The age-old and universal debate between science and religion has escalated since the onset of the pandemic. Some people in Turkey, as elsewhere, cling on to their faith to cope with the trauma. Some of them have made statements undermining the opinions of experts and arguing that taking precautions is unnecessary and useless as God will decide. Some of them claim that praying is more effective than medical precautions. Meanwhile, another part of society has argued that the pandemic “once again” proves that religion is useless and that it should step aside for science to deal with the coronavirus crisis. Some have publicly disparaged religion as an institution and mocked people who cling on to their faith. The Directorate for Religious Affairs has been at the epicenter of this debate with decisions it has been late in taking such as closing mosques or decisions it has taken such as broadcasting “sela”—a prayer for announcing an upcoming funeral or rallying the people in case of an emergency—from the minarets every evening. This debate will probably play a role in fueling polarization in Turkey as it reflects a deep societal divide and is another sign of the country’s culture wars.

Perhaps the most extreme example of polarization has been witnessed around the issue of collecting donations from citizens.

Perhaps the most extreme example of polarization has been witnessed around the issue of collecting donations from citizens. While the government was trying to cope with the overall impact of the pandemic, metropolitan municipalities mainly held by the opposition took initiatives to ease the lives of their residents. One of their initiatives was launching donation campaigns aiming to support the most economically vulnerable segments of society. President Erdoğan responded first by launching his own donation campaign, without any direction on how the money would be spent, and then suspending the campaigns of the municipalities through the Ministry of Interior. While this is an evolving situation, it has already sowed new seeds of polarization.

Looking Ahead

The pandemic initially led to a sense of unity against a shared threat in Turkey. Three factors played a role in this positive outcome. First, the government decided to manage the crisis in a non-polarizing manner through a spokesperson who is perceived as more of a technocrat than a politician, and it took decisions that could antagonize its voter base such as closing mosques and placing people coming back from pilgrimage to Mecca under quarantine. Second, the opposition treated this as a national emergency, supported measures introduced by the government, and demanded more in a non-accusing manner. The municipalities held by the opposition cooperated with the government in executing the restrictive measures taken by the latter. Last but not least, most citizens put aside their ideological, political, and cultural differences to overcome what they saw as a common threat, as would happen in rare circumstances such as a foreign attack.

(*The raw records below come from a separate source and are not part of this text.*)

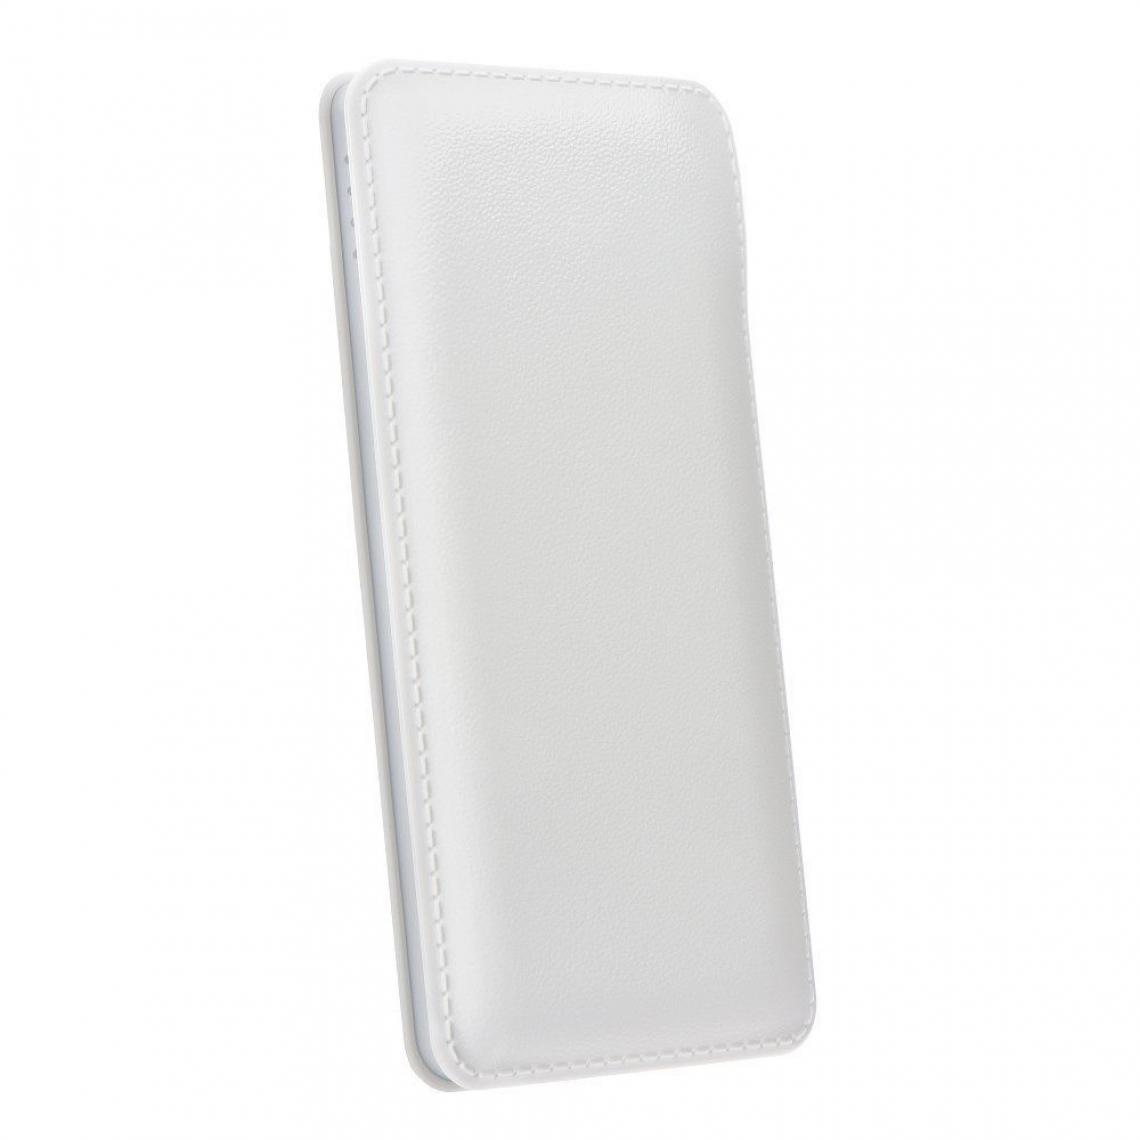 Ozzzo - Chargeur batterie externe 30000 mAh powerbank ozzzo blanc pour Asus ZenPad 10 Z300CNL - Autres accessoires smartphone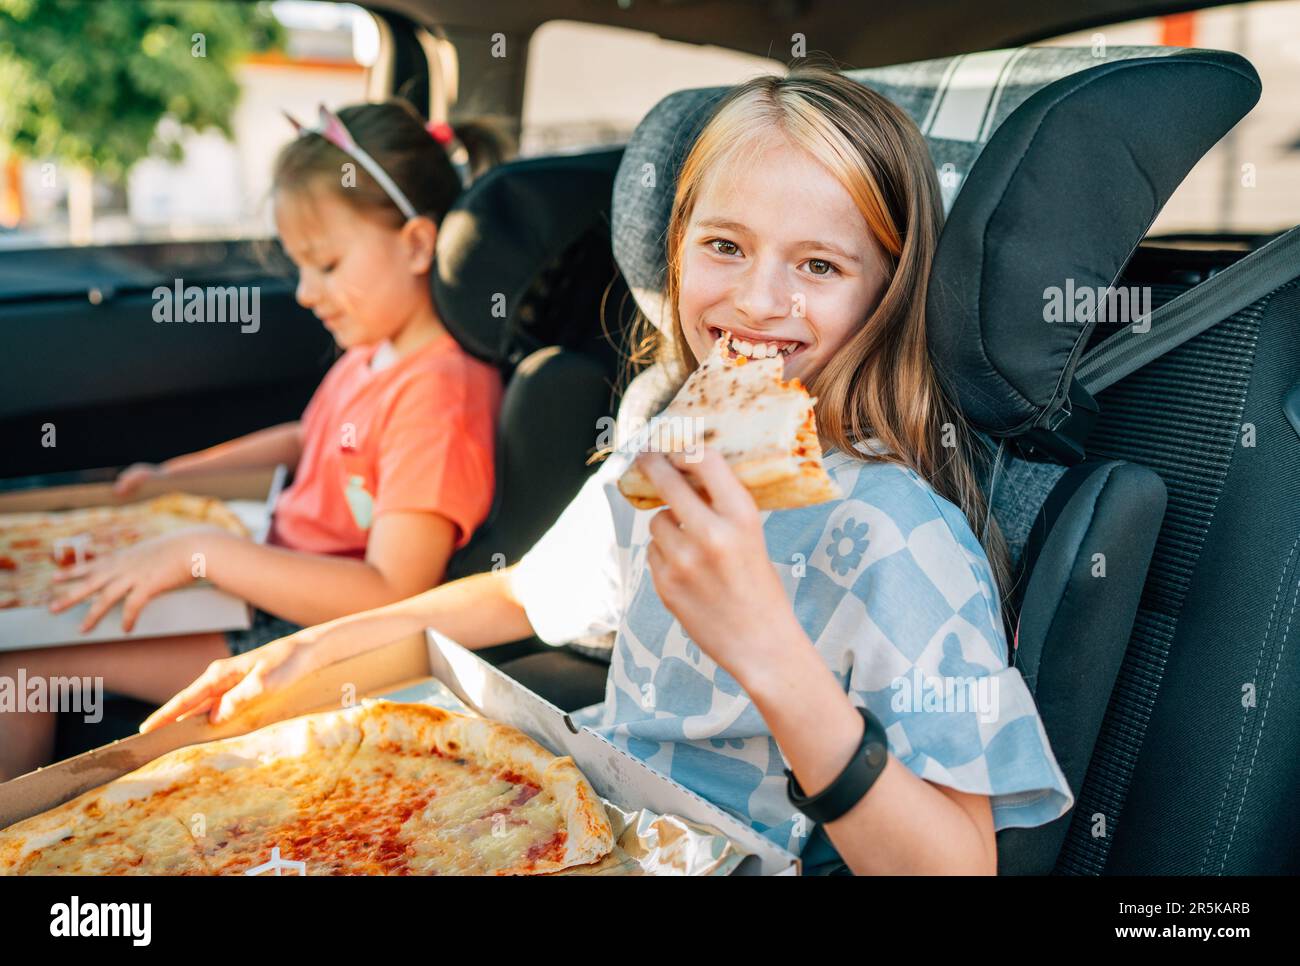 Ritratto di una ragazza sorridente positiva che mangia una pizza italiana appena cotta seduta con una sorella sul sedile posteriore dell'automobile nei seggiolini dell'automobile del bambino. Buona infanzia, fastfoo Foto Stock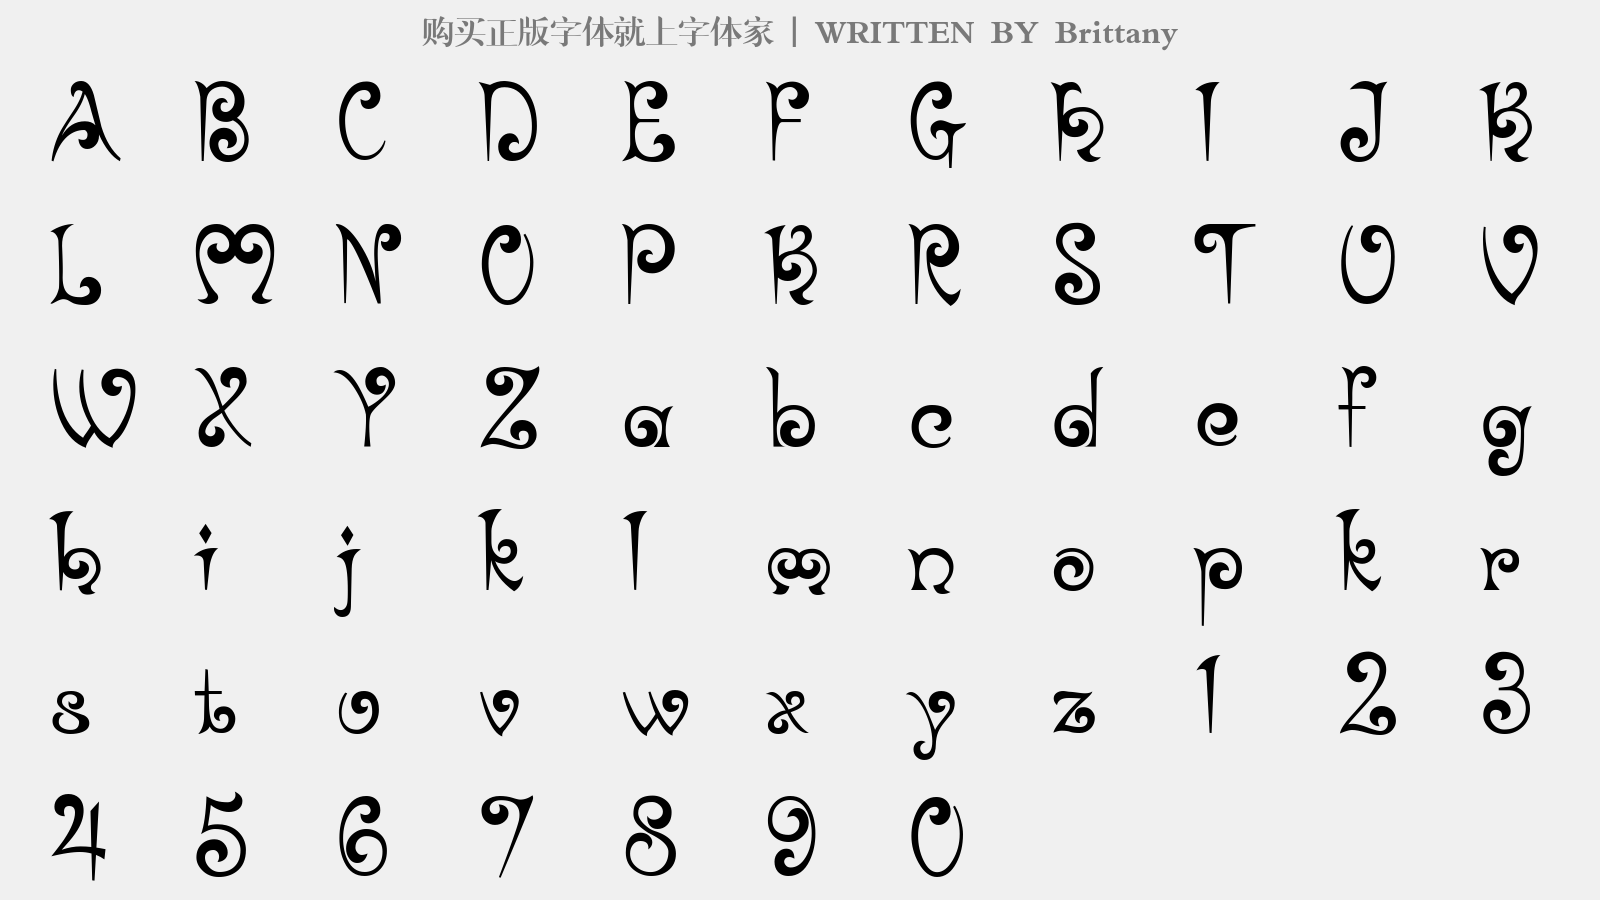 Brittany - 大写字母/小写字母/数字

This could have led to the mitigation of polarization and the strengthening of the foundations of pluralism in Turkey, but other factors came into play that have overshadowed these hopes. First the government, possibly seeing that the opposition was gaining public-opinion points, changed its approach from cooperation to confrontation. By suspending the donation campaigns of opposition-held municipalities it has dismissed the possibility of the opposition playing a positive role that is independent of the government in coping with the crisis. Second, polarization has proved resilient and the fault lines around religion became more pronounced and the policies of the Directorate for Religious Affairs above aggravated the situation. While the opposition parties have yet not visibly changed their stance, their supporters are becoming increasingly more critical of the government, which will increase political tension. Increasing polarization and the fear caused by the pandemic could create a perfect storm that could lead to authoritarian tendencies in society.

We do not know exactly how but the pandemic will have a deep impact on Turkish society and politics. What we do know is that the grief and experience of the days of quarantine may be the defining moment of a generation. Today’s young people may even be named after the pandemic in the future.